The Kalman filter equations are:

  • Measurement Update Step:
  • where x is the state, P is the covariance, A is the system dynamics matrix, Q is the process noise covariance, H is the measurement model matrix, R is the measurement noise covariance, y is the measurement, and I is the identity matrix.

    MATLAB Example

    Let's consider a simple example of a constant velocity model. The state is the position and velocity of an object, and the measurement is the position.

    % Define the system dynamics matrix
    A = [1 1; 0 1];
    % Define the measurement model matrix
    H = [1 0];
    % Define the process noise covariance
    Q = [0.01 0; 0 0.01];
    % Define the measurement noise covariance
    R = [0.1];
    % Initialize the state and covariance
    x0 = [0; 1];
    P0 = [1 0; 0 1];
    % Generate some measurements
    t = 0:0.1:10;
    y = sin(t) + 0.1*randn(size(t));
    % Run the Kalman filter
    x = zeros(2, length(t));
    P = zeros(2, 2, length(t));
    x(:, 1) = x0;
    P(:, :, 1) = P0;
    for i = 2:length(t)
        % Prediction step
        x_pred = A * x(:, i-1);
        P_pred = A * P(:, :, i-1) * A' + Q;
    % Measurement update step
        z = y(i) - H * x_pred;
        S = H * P_pred * H' + R;
        K = P_pred * H' * inv(S);
        x_upd = x_pred + K * z;
        P_upd = (eye(2) - K * H) * P_pred;
    x(:, i) = x_upd;
        P(:, :, i) = P_upd;
    end
    % Plot the results
    figure;
    plot(t, x(1, :));
    hold on;
    plot(t, y);
    legend('Estimated position', 'Measurement');
    

    This code generates some measurements of a sine wave, and then uses the Kalman filter to estimate the position and velocity of the object.

    Conclusion

    The Kalman filter is a powerful algorithm for estimating the state of a system from noisy measurements. It is widely used in various fields and has many applications. In this post, we introduced the basics of the Kalman filter and provided a MATLAB example to help beginners understand the concept.

    Download MATLAB Code

    You can download the MATLAB code used in this post here: [insert link]

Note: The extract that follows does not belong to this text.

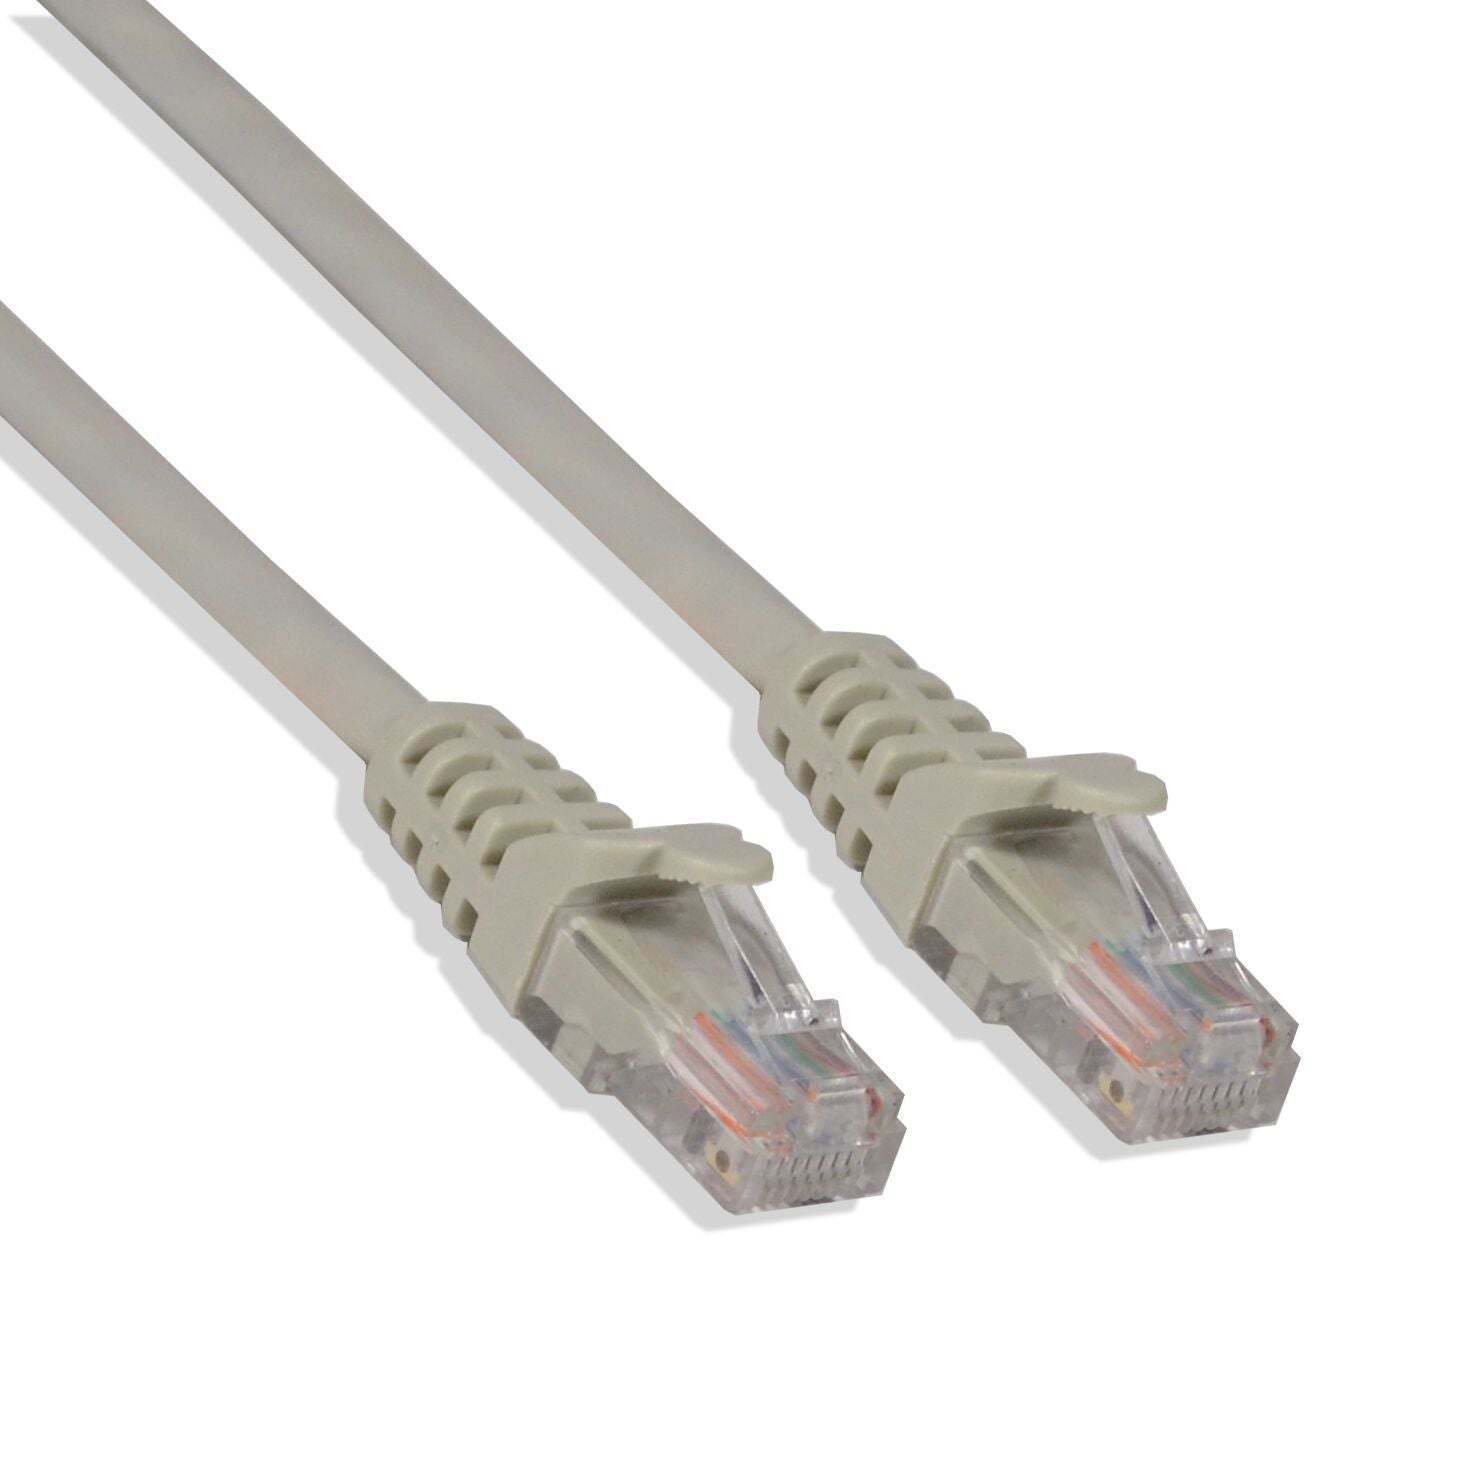 Logico Cat6 UTP Ethernet Patch Cable 550Mhz 24Awg Gray 100FT Wholesale

    If you are looking for "Top" downloads or advanced examples, the best resource is the MATLAB File Exchange or the official MathWorks Documentation.

    To find more examples within MATLAB:

    To download community scripts:

    Let’s build a 1D Kalman Filter in MATLAB to track a car moving at constant velocity. We will generate noisy measurements, run the filter, and plot the beautiful result.

    Let's put this into practice. We will simulate an object falling from the sky. We want to estimate its Position (height) and Velocity.